Um auf Themen wie Antisemitismus aufmerksam zu machen, sei eine Umbenennung auch keine wirksame Methode, sagt Schaller. Die Schule gehe dafür andere Wege. „Damit wir die Schüler sensibilisieren, befassen wir uns im Unterricht kritisch mit dem Thema“, teilt der Schulleiter mit. Besonders anlässlich des 75-jährigen Jubiläums, dass die Schule heuer feiert. „Auch in der Broschüre, die wir jedes Jahr den neuen Schülern und ihren Eltern übergeben, widmen wir dem Thema einen ganzen Abschnitt“, fügt Schaller hinzu.

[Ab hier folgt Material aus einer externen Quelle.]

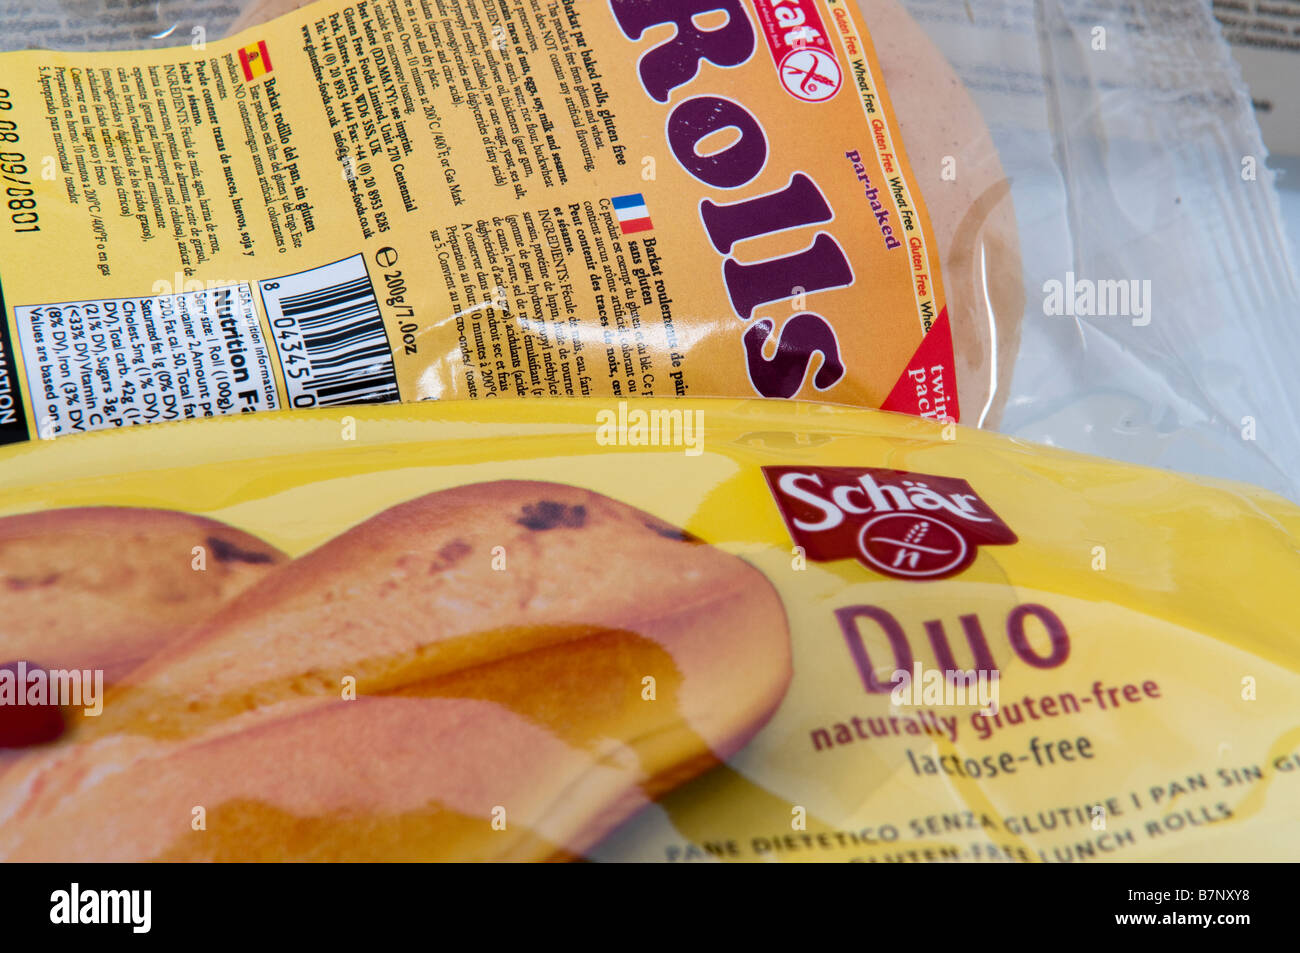 Glutenfreies Brötchen/Brot in der Verpackung von Schär (Schär) und Barkat, aus dem Vereinigten Königreich auf Rezept erhältlich Stockfoto

Zusätzlich betont er, dass es bisher keine weiteren Änderungswünsche des Namens gegeben habe. Das bestätigen auch eine Sprecherin des Landratsamts Rosenheim und ein Sprecher des bayerischen Kultusministeriums. Was Überlegungen zur Umbenennung anderer Schulen betrifft, sei derzeit nur der Antrag des Otfried-Preußler-Gymnasiums Pullach im Isartal an das Staatsministerium bekannt. „Weitere Anträge zur Namensänderung oder -aufhebung staatlicher Gymnasien liegen uns aktuell nicht vor“, teilt der Ministeriumssprecher mit.